Massacre à la tronçonneuse n'est pas qu'un constat sociologique. C'est aussi un film extrêmement angoissant. En jouant sur la photographie granuleuse et manquant de netteté de la pellicule 16mm, ainsi sur les images oppressantes du cimetière profanée, des éruptions solaires et d'un Texas désolé, Hooper nous plonge dès les premières minutes de son oeuvre dans une ambiance résolument malsaine. L'irruption de l'étrange auto-stoppeur, ses discours sur les différentes manières de tuer les animaux dans les abattoirs, puis sa manière insensée de se taillader la main au couteau, achèvent de mettre le spectateur mal à l'aise. Par contre, l'arrivée des jeunes voyageurs à leur maison donne lieu à des séquences très calmes, au cours desquelles on constate avant tout que la nature texane est loin du paysage idyllique espéré par les jeunes touristes, ou de l'idée grandiose, véhiculée par les westerns, qu'on se fait du Far West : les points d'eau sont asséchés, la maison de famille est une ruine, l'air charrie la puanteur des abattoirs, et un groupe électrogène ronronne en permanence dans le lointain. Tout cela, combiné à l'usage d'une musique purement abstraite et angoissante, à base de grondements, de hurlements et de grincements, achève de préparer le spectateur à une explosion de violence qu'il aura largement anticipée, ne serait-ce que grâce au titre du film !

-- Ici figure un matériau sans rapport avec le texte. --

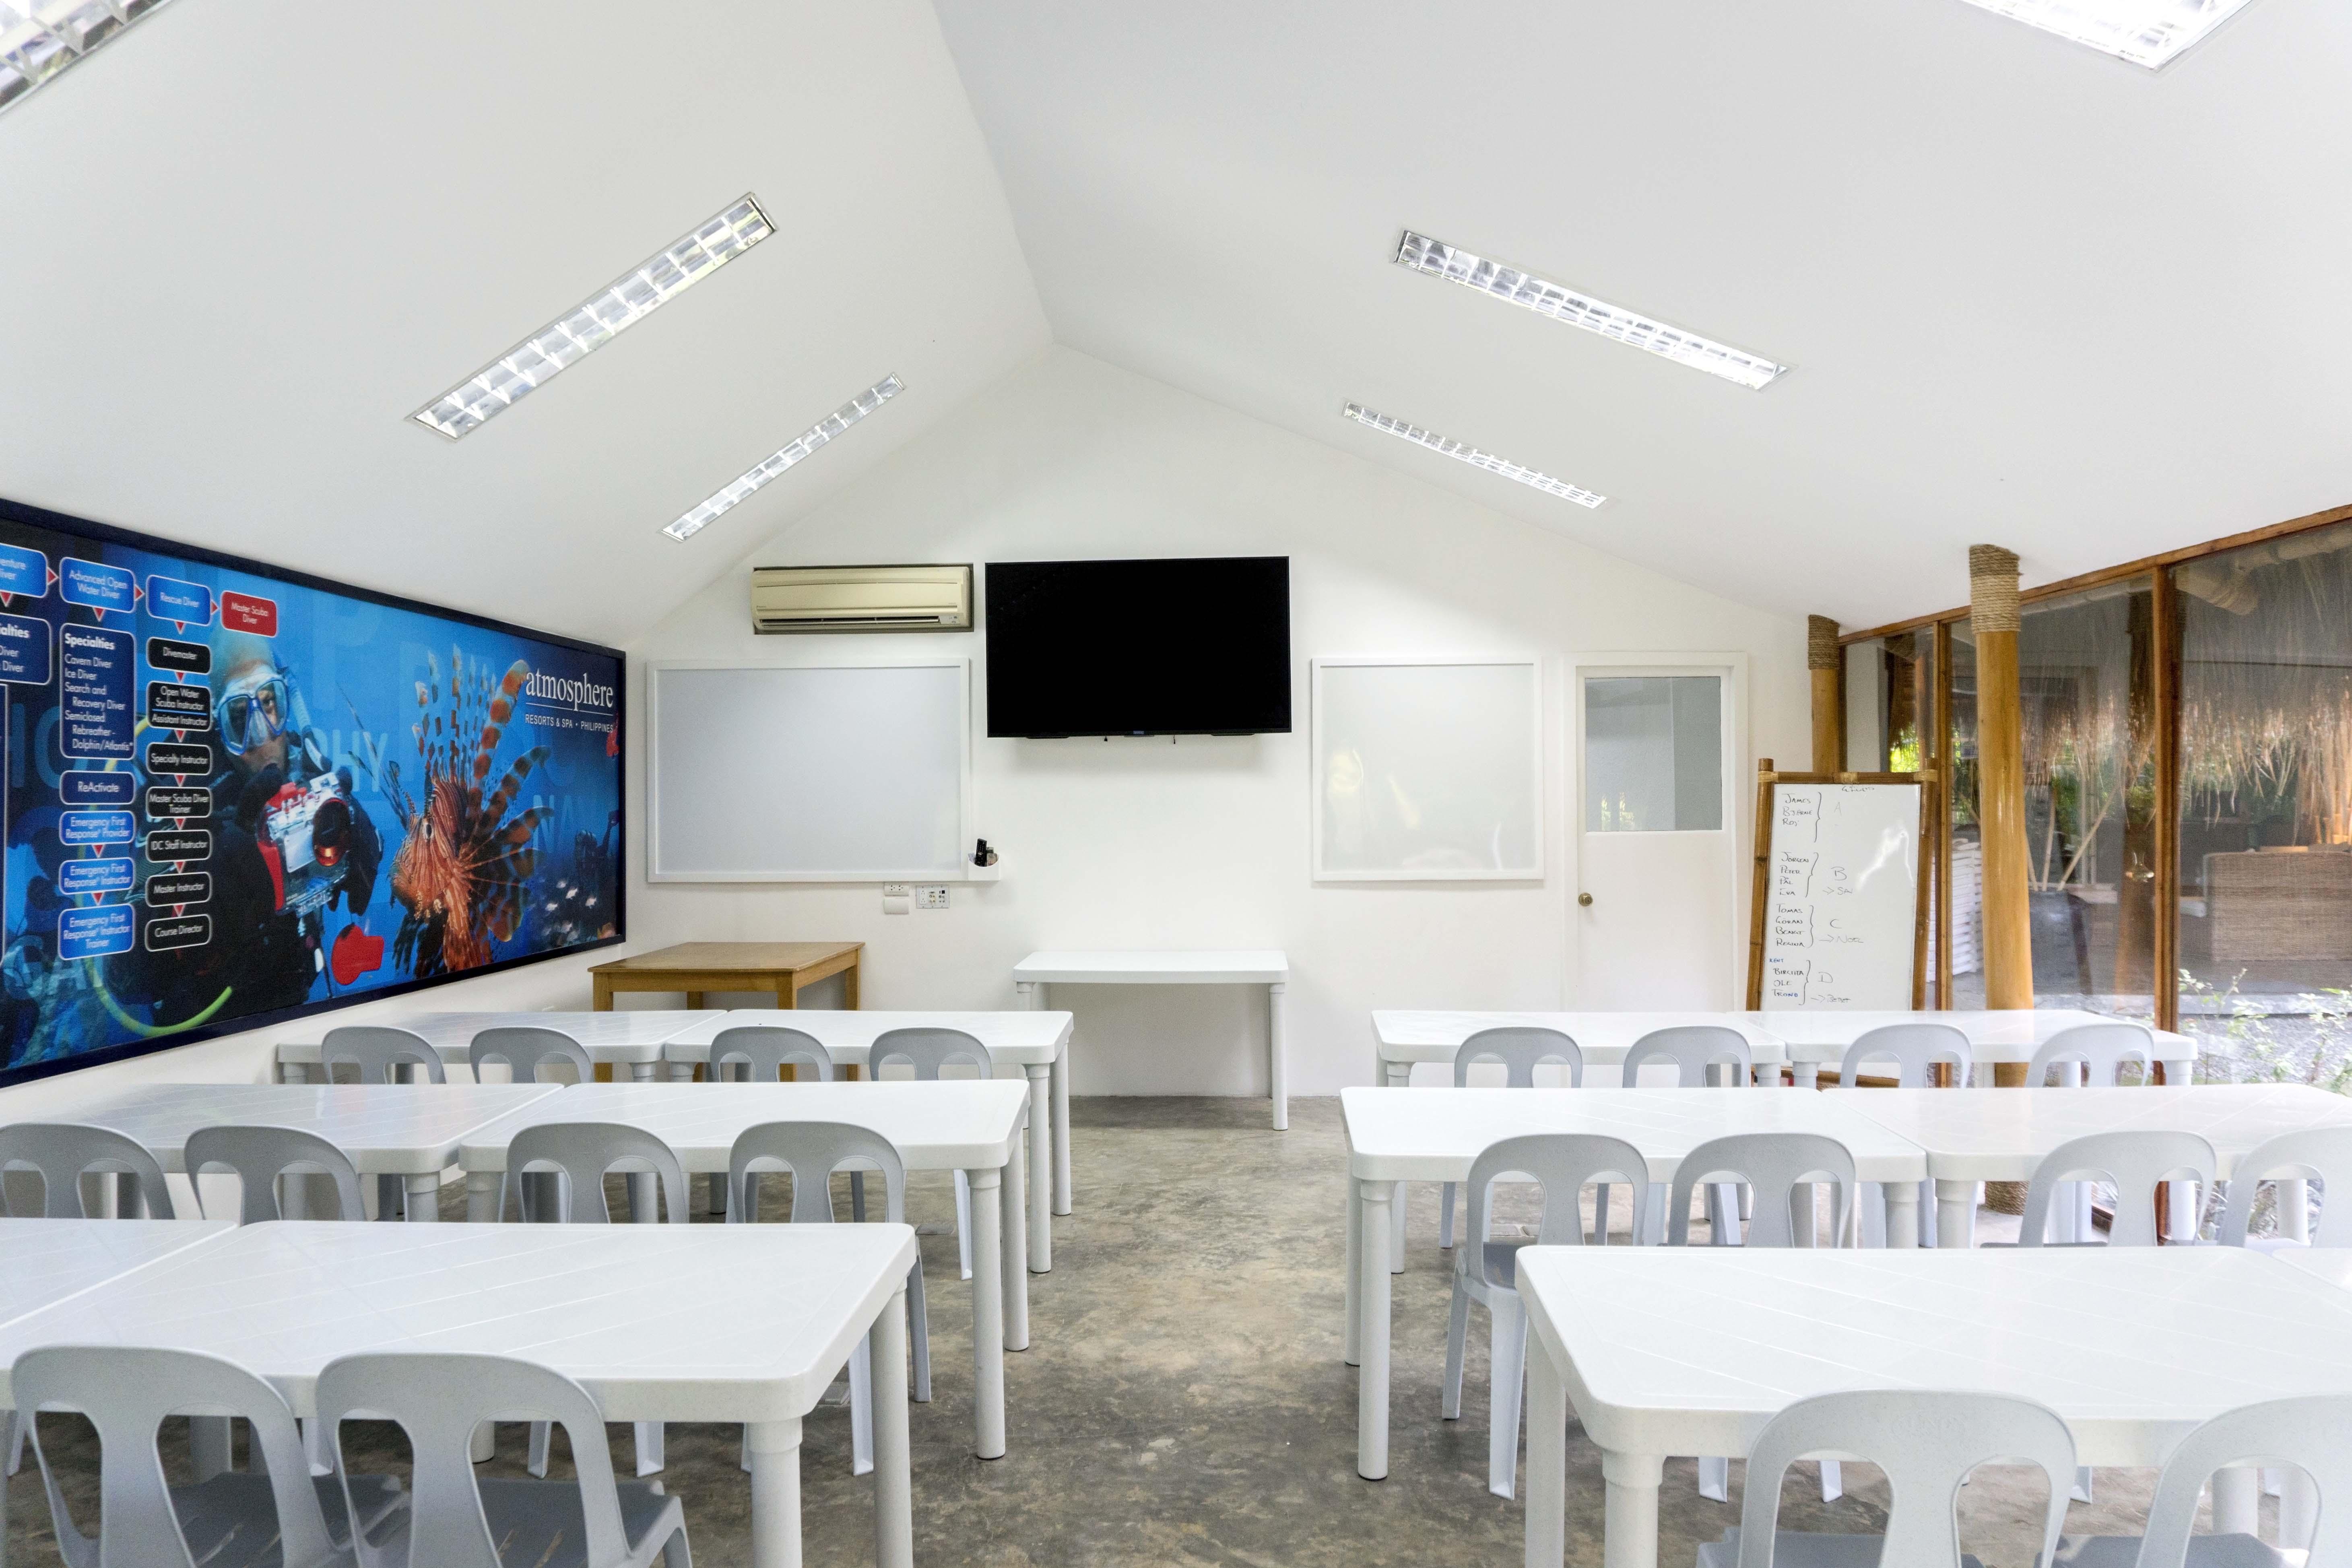 Atmosphere PADI Diving courses classroom enlargement

Les jeunes gens vont donc être massacrés par Leatherface, un garçon apparemment attardé, portant un masque de femme réalisé en peau humaine, s'exprimant avec une voix de fausset et maniant la tronçonneuse comme une arme. Ses agissements cruels ne sont jamais montrés expressément, les coups étant presque toujours donnés hors champs. Mais le travail sur l'atmosphère, la préparation du spectateur, le montage et la bande-son assourdissante (des hurlements répondent au boucan mécanique de la tronçonneuse), sont suffisamment habiles pour que les actes de violence paraissent toujours très choquants. Leatherface s'éloigne du personnage du serial killer traditionnel par le fait qu'il va se révéler entouré d'une famille toute aussi dingue que lui. Ils appartiennent à une ligné d'abatteurs de bestiaux, mis au chômage par la mécanisation croissante des abattoirs industriels. Leur isolement social et géographique les fait se replier sur leur folie, tandis que la viande et la mort restent leur seul environnement. Les membres décédés de la famille sont empaillés, et la demeure est décorée d'œuvres d'art et de meubles macabres bricolés à partir d'ossements et de peaux. Le savoir-faire traditionnel de la famille reste sa raison d'être et la base de l'identité familiale. Leatherface et ses frères semblent être l'ultime dégénérescence des colons ayant peuplé le Texas, l'ultime aboutissement d'une société américaine en pleine décomposition.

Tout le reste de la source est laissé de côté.